Die in Schieflage geratene Pensionskasse der Caritas erhielt von der Mitglieder-Vertreterversammlung grünes Licht für die Sanierung. Auch von den Leistungsberechtigten wurde ein Opfer gefordert, damit die Renten auch zukünftig bezahlt werden können.
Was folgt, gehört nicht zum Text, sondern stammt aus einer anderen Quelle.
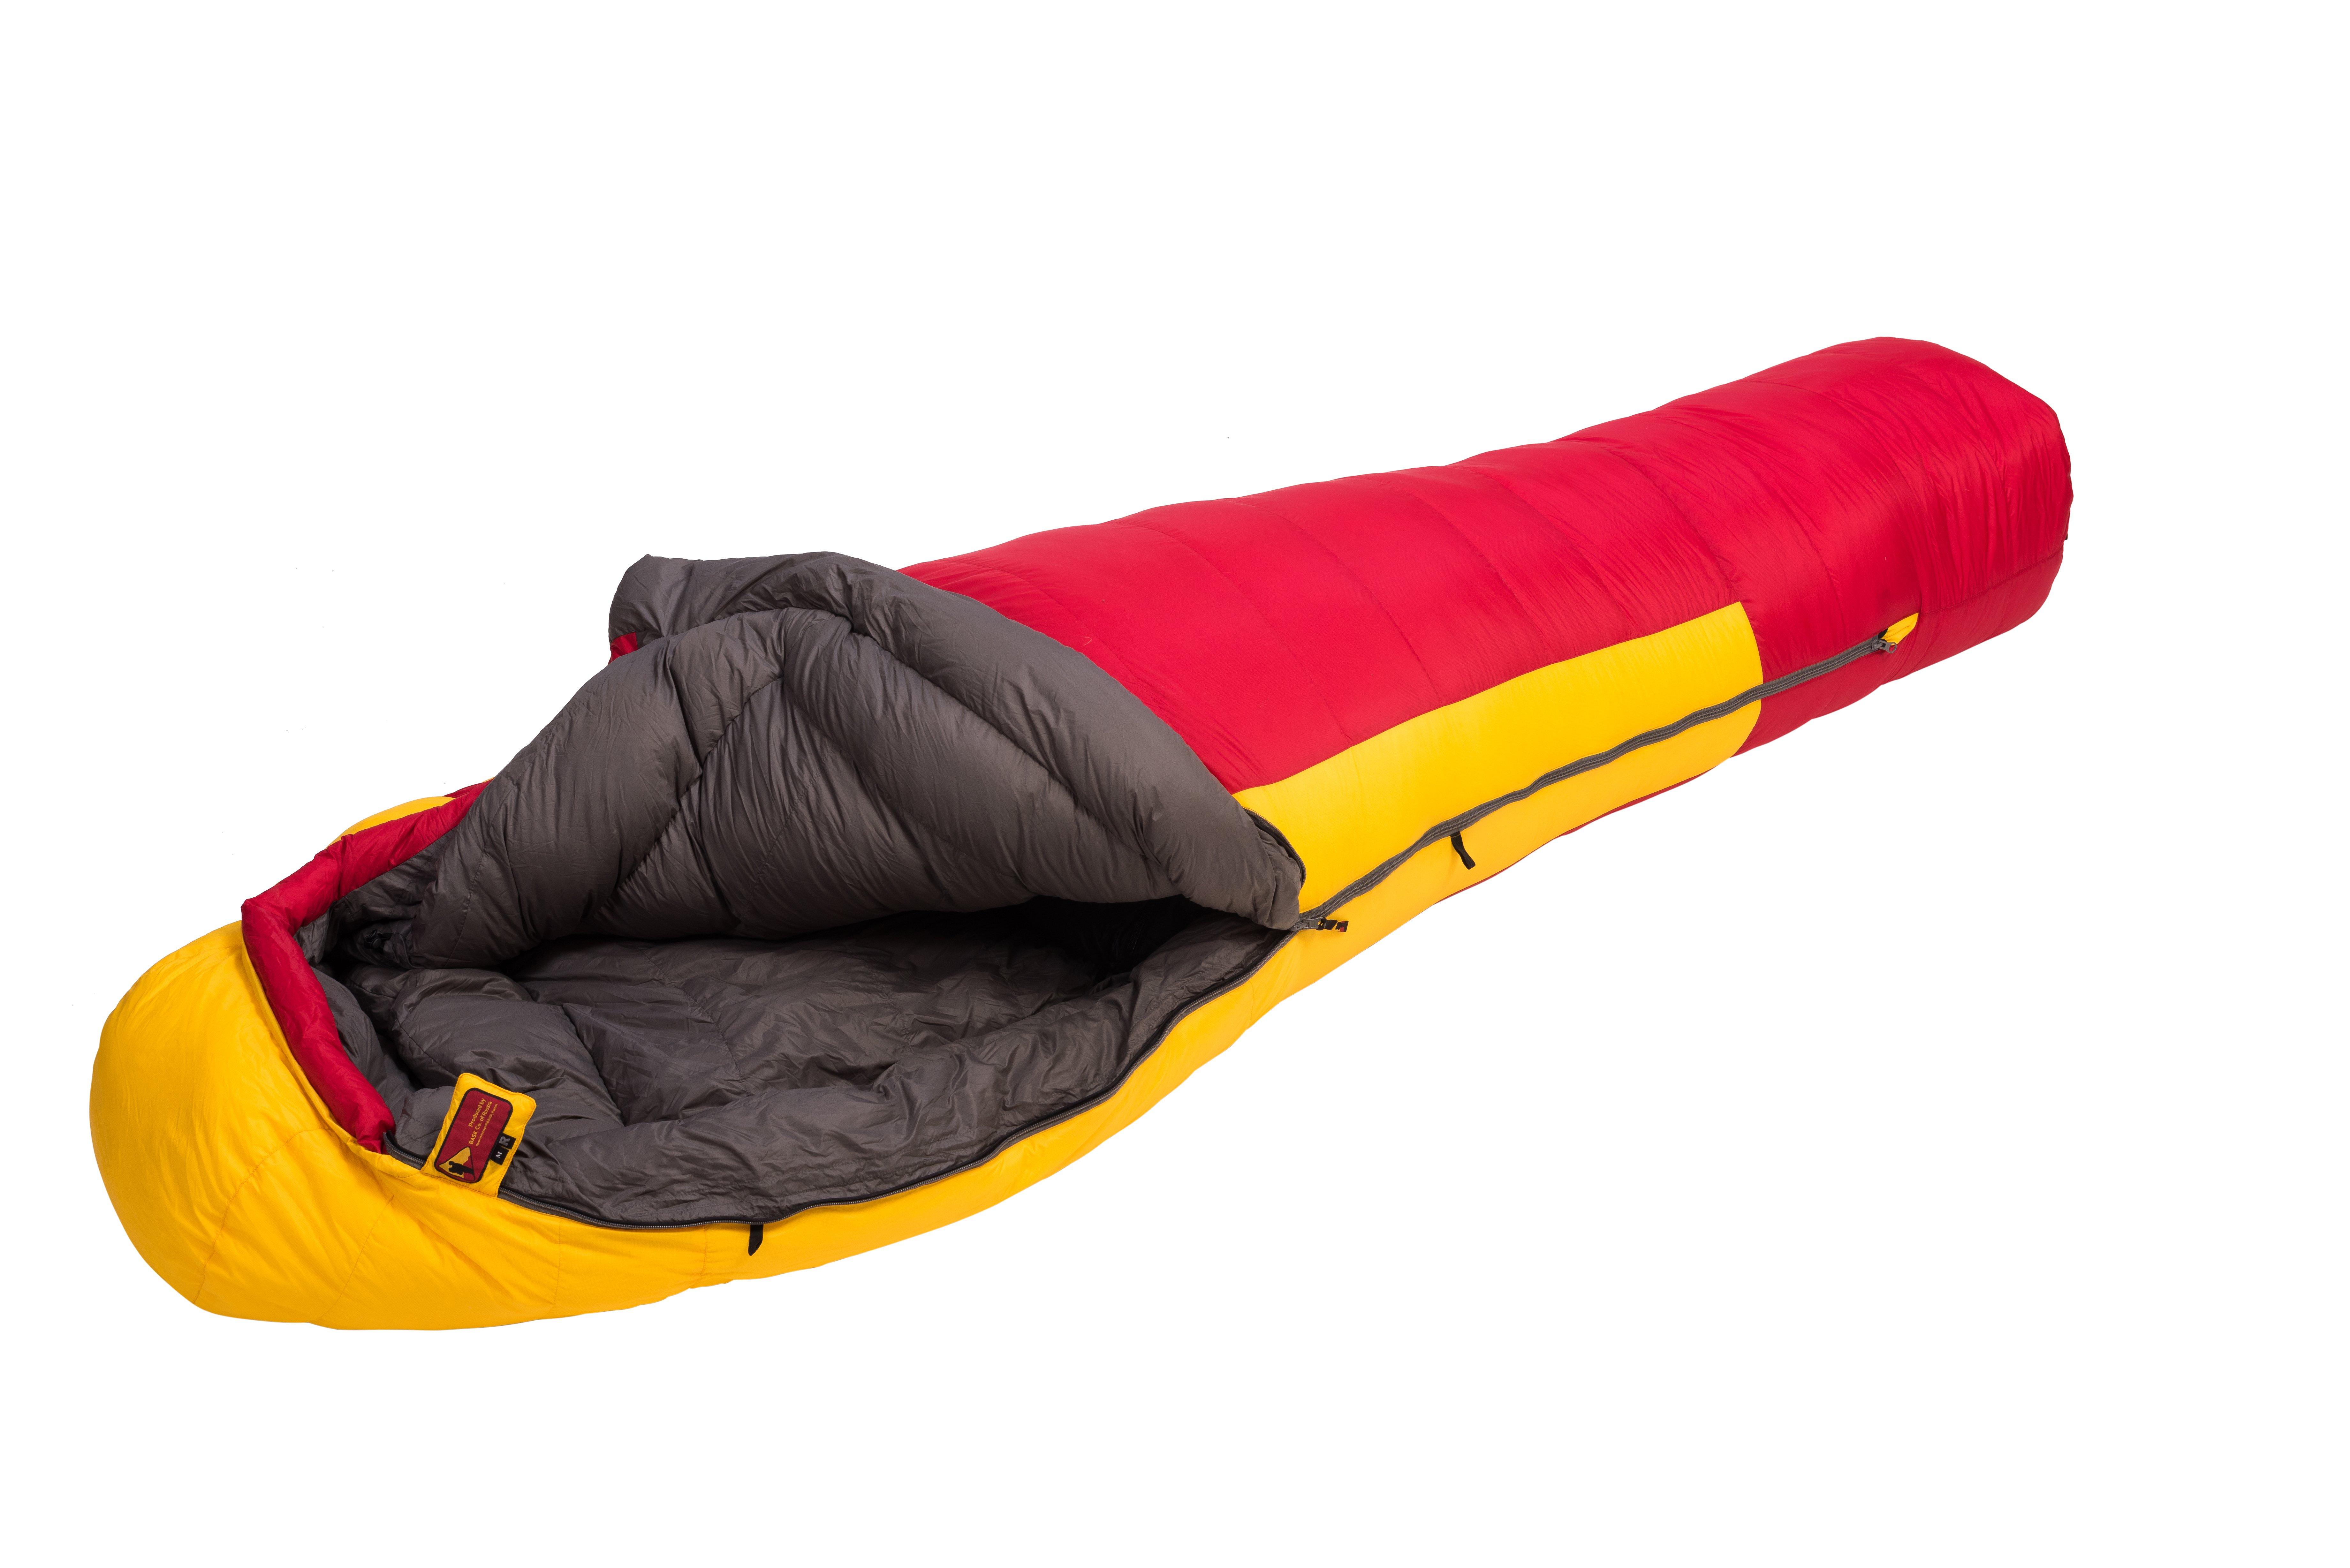 Спальный мешок BASK KARAKORAM-M 800+FP 3535Спальные мешки<br>Пуховый спальный мешок-кокон. Температура комфорта от -13 до -21°C. Теплый спальник для туризма и путешествий в экстремальных условиях.<br><br>Верхняя ткань: Advance®Perfomance<br>Вес без упаковки: 1820<br>Вес упаковки: 160<br>Вес утеплителя: 1130<br>Внутренняя ткань: Advance® Classic<br>Возможность состегивания: Да<br>Назначение: Экстремальный<br>Наличие карманов: Да<br>Наполнитель: Гусиный пух<br>Нижняя температура комфорта °C: -21<br>Подголовник/Капюшон: Да<br>Показатель Fill Power (для пуховых изделий): 800+<br>Размер в упакованном виде (диаметр х длина): 22х55<br>Размеры наружные (внутренние): 221х198х90х62<br>Система расположения слоев утеплителя или пуховых пакетов: Смещенные швы+продольное<br>Температура комфорта °C: -13<br>Тесьма вдоль планки: Да<br>Тип молнии: Двухзамковая-разъёмная<br>Тип утеплителя: Натуральный<br>Утеплитель: Гусиный пух<br>Утепляющая планка: Да<br>Форма: Кокон<br>Шейный пакет: Да<br>Экстремальная температура °C: -44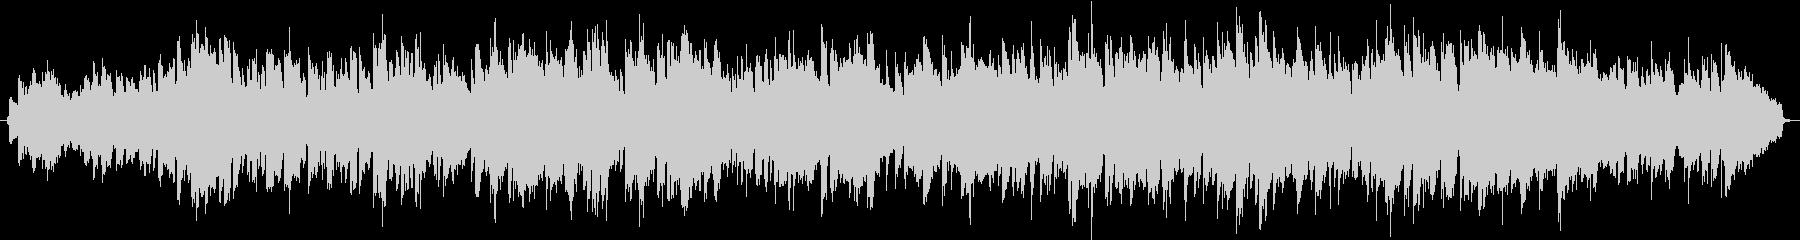 ミドルテンポの感動的な洋楽の未再生の波形

Olaf Keese, Vorstandsvorsitzender der Pensionskasse der Caritas
Olaf Keese, Vorstandsvorsitzender der Pensionskasse der Caritas: "Wir konzentrieren uns darauf, die Pensionskasse der Caritas wieder in ruhiges Fahrwasser zu führen und die fortlaufenden Leistungen für unsere Versicherten sicher zu stellen."
© Pensionskasse der Caritas

Die Pensionskasse der Caritas VVaG ist gerettet, die zukünftigen Zahlungen gesichert. Denn die Mitglieder-Vertreterversammlung der Pensionskasse hat am Mittwoch dem Sanierungskonzept der Pensionskasse zugestimmt. Damit gibt das höchste Gremium des Versicherungsvereins auf Gegenseitigkeit grünes Licht für wichtige Sanierungsmaßnahmen und Kürzungen bei den Versicherungsleistungen. In der Pensionskasse der Caritas sind Mitarbeiter der Deutschen Caritas, der katholischen Kirche sowie Mitglieder der Ordensgemeinschaften versichert.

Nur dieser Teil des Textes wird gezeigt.